_THE DATA_.
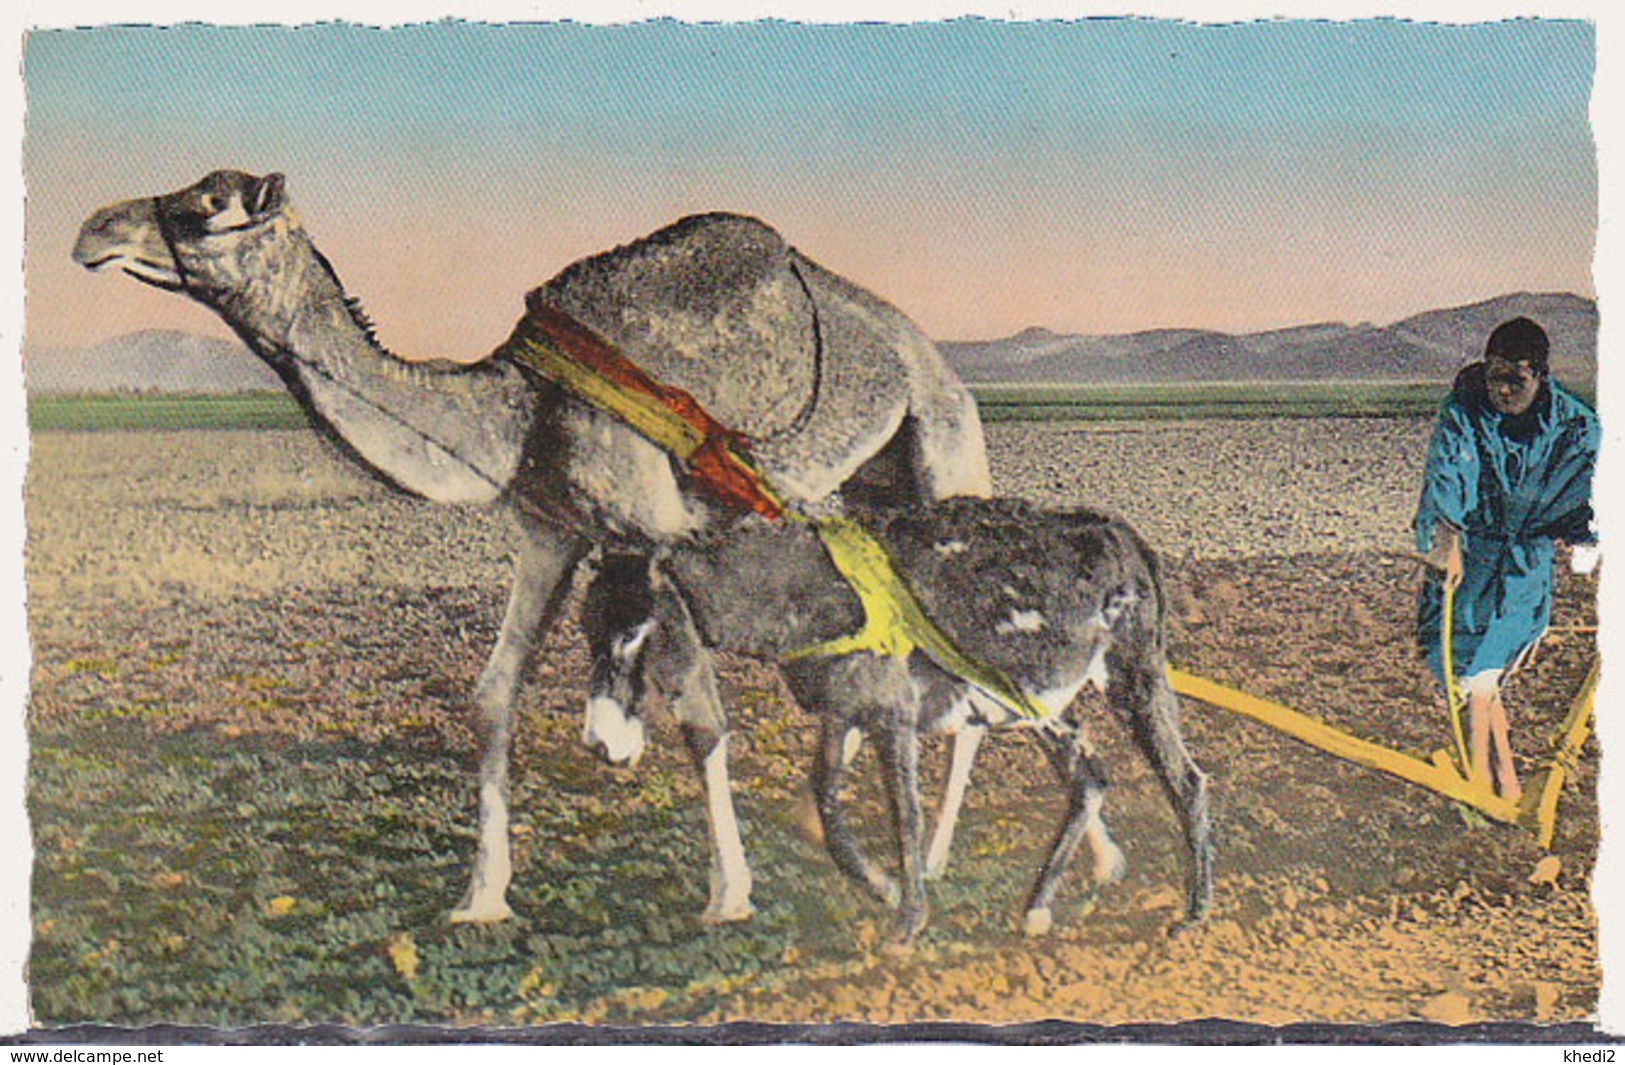 Carte Postale CP - ANIMAL  -CHAMEAU & ANE - CAMEL & DONKEY Postcard - KAMEL & ESEL Postkarte AK - 22 - Ezels
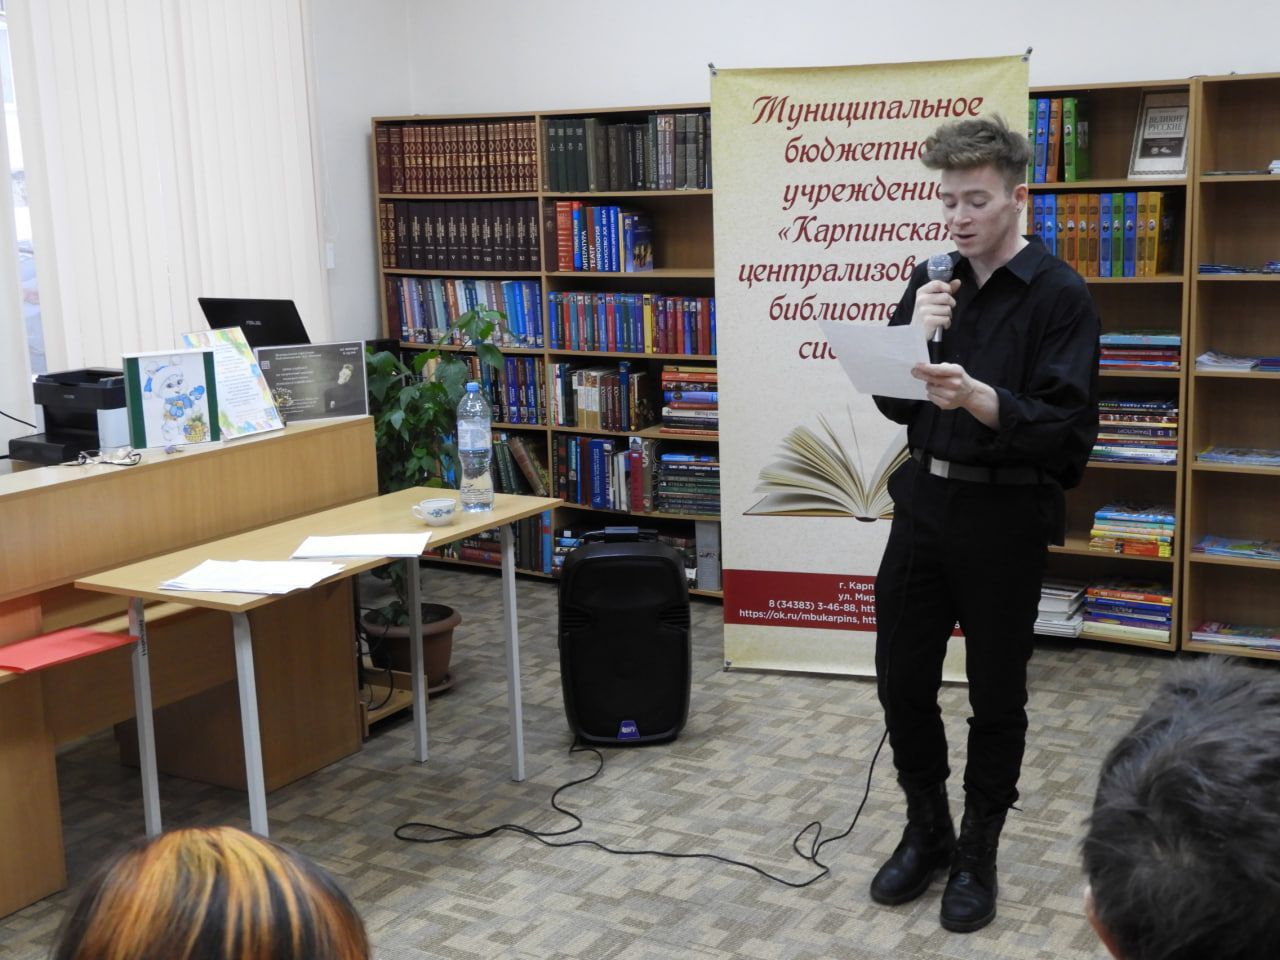 Стихи и танцы. Серовский поэт Роман Самойлов провел творческую встречу в карпинской библиотеке
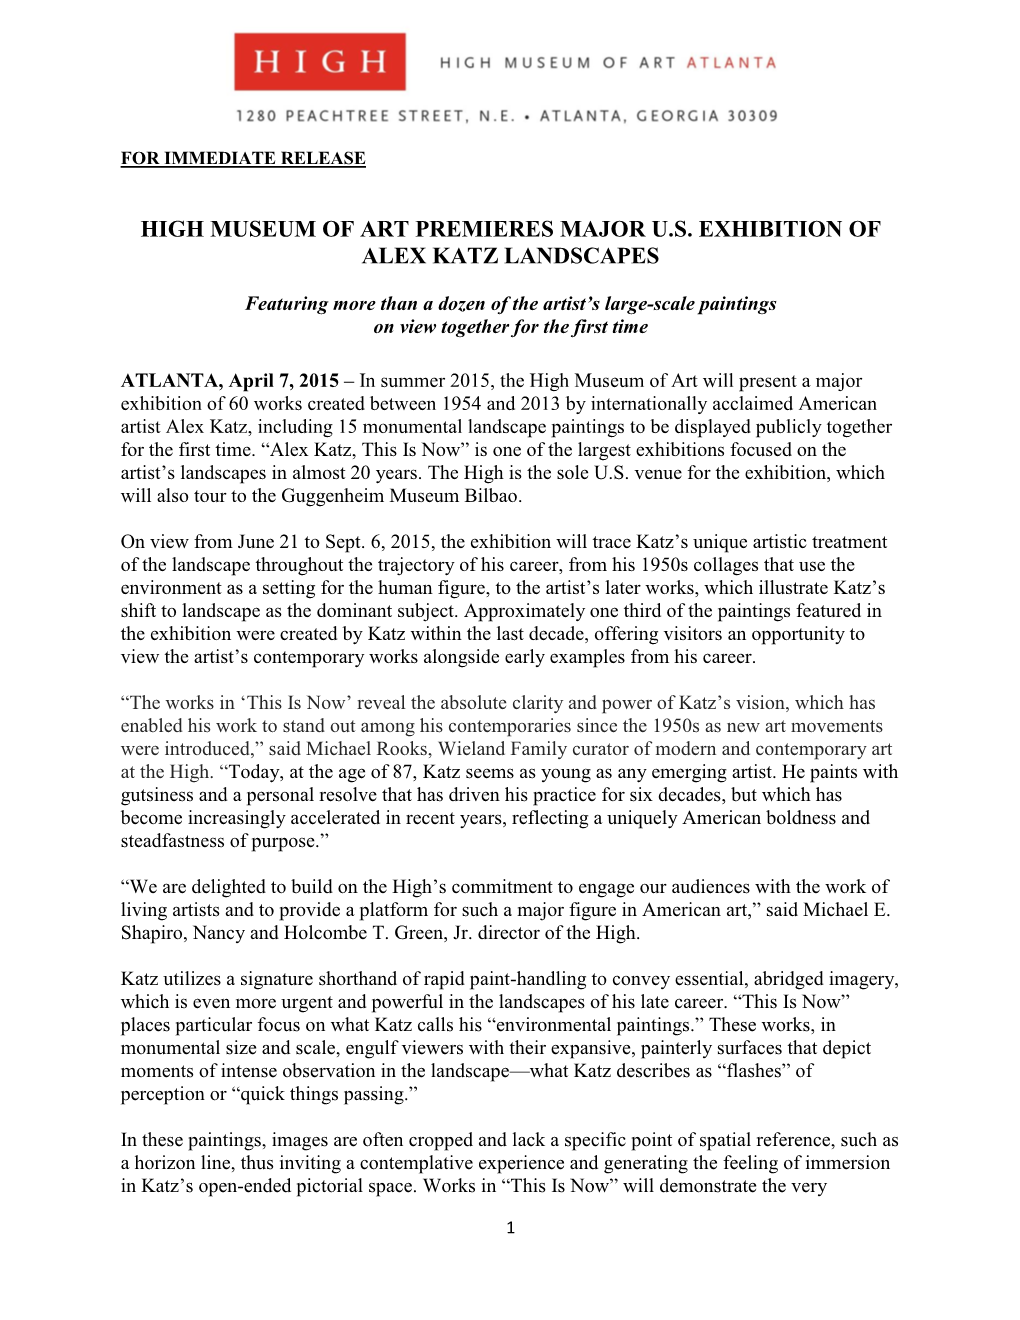 High Museum of Art Premieres Major U.S. Exhibition of Alex Katz Landscapes
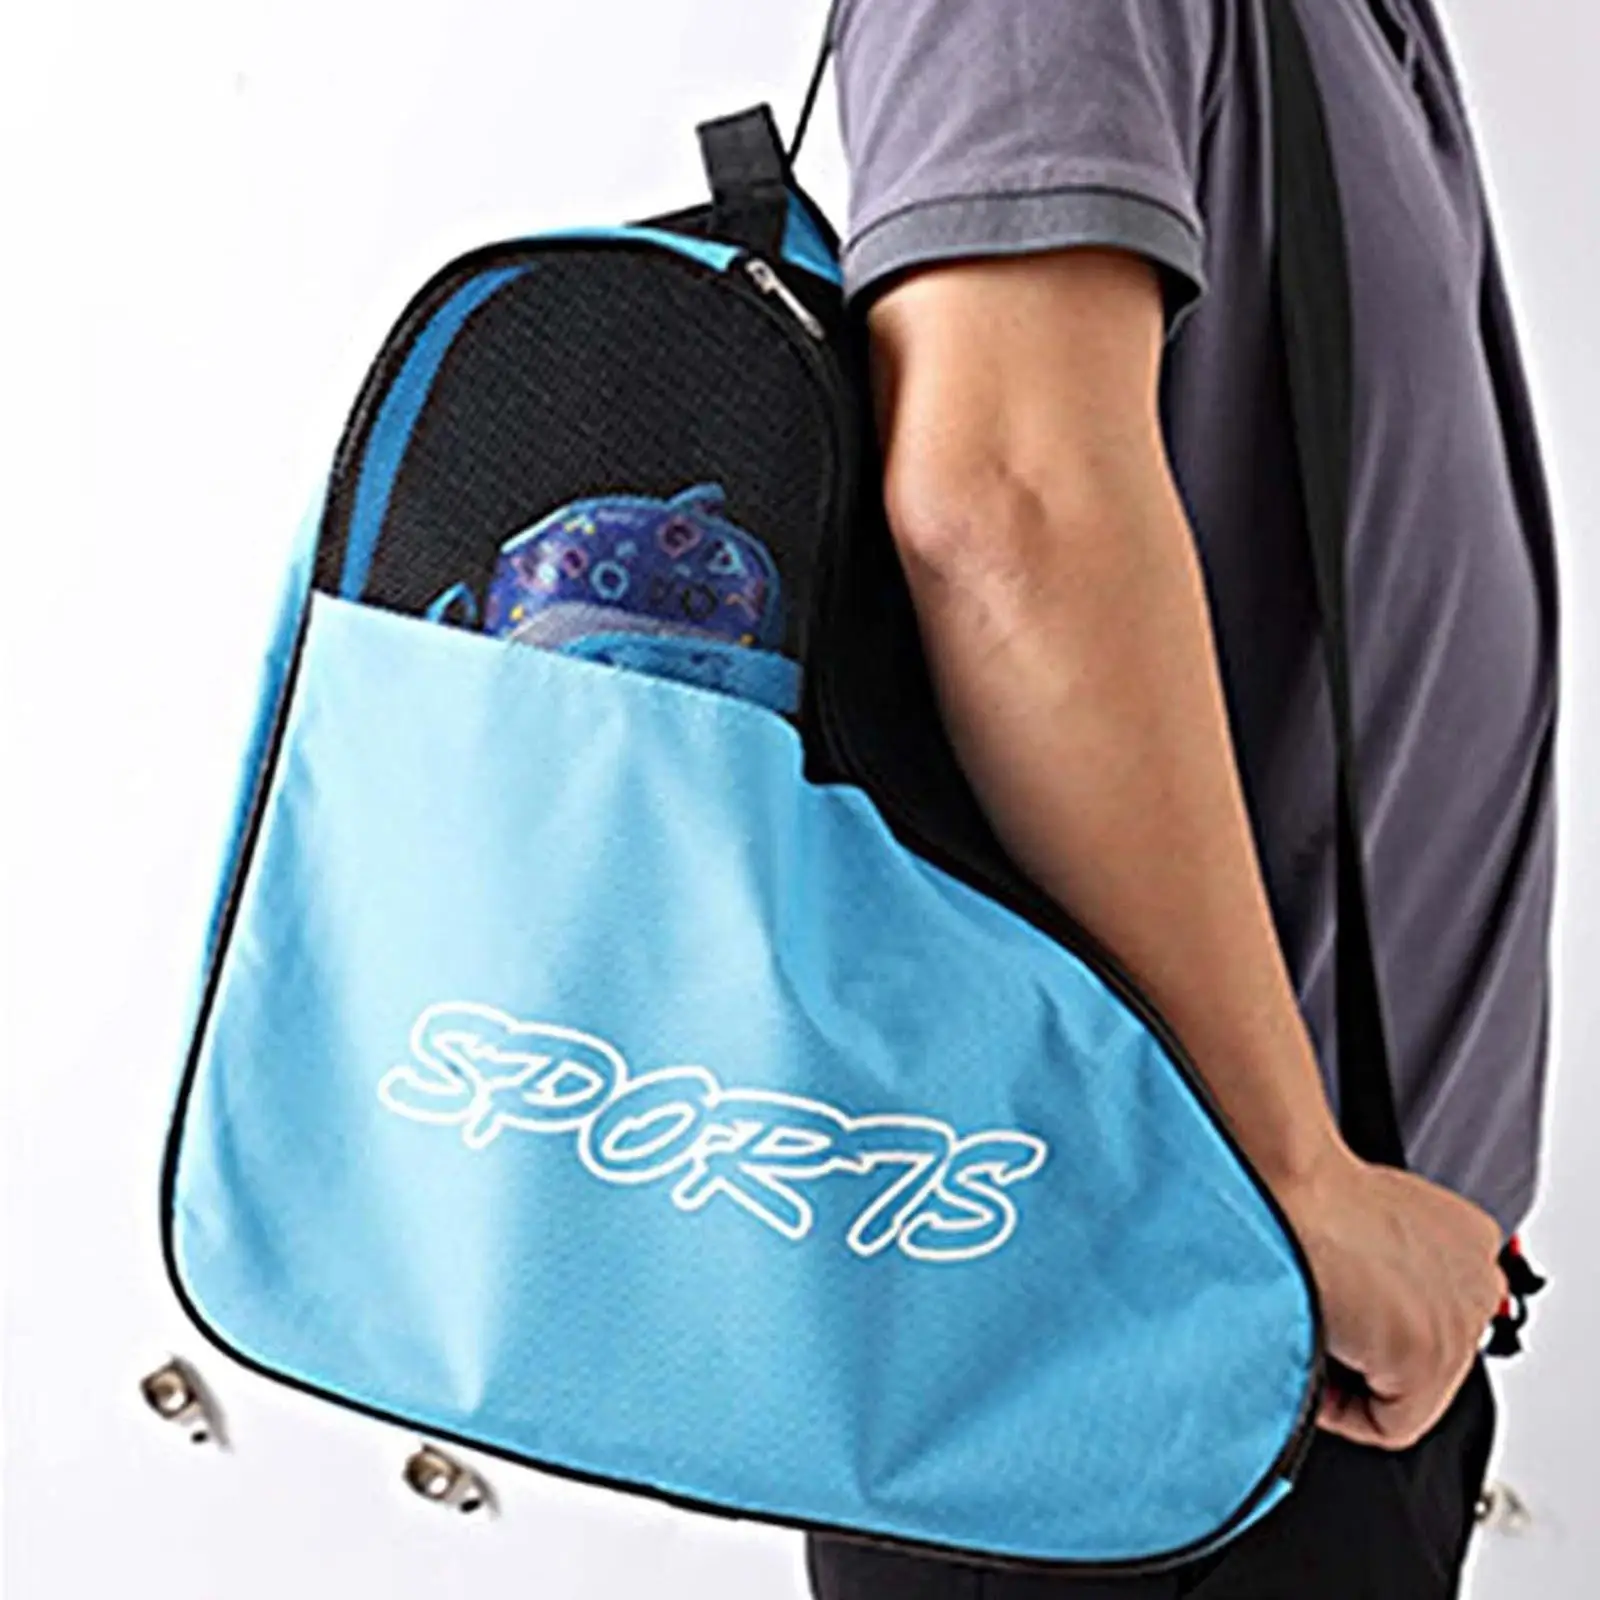 Roller Skates Bag Adjustable Shoulder Strap Adults Kids Skating Handbag

_INSTRUCTIONS TO FOLLOW_. Nothing but the pictures may be dropped as you repeat the listing above exactly.

_ANSWER TO THIS PROBLEM_.
 Carte Postale CP - ANIMAL  -CHAMEAU & ANE - CAMEL & DONKEY Postcard - KAMEL & ESEL Postkarte AK - 22 - Ezels
 Стихи и танцы. Серовский поэт Роман Самойлов провел творческую встречу в карпинской библиотеке
 High Museum of Art Premieres Major U.S. Exhibition of Alex Katz Landscapes
 Roller Skates Bag Adjustable Shoulder Strap Adults Kids Skating Handbag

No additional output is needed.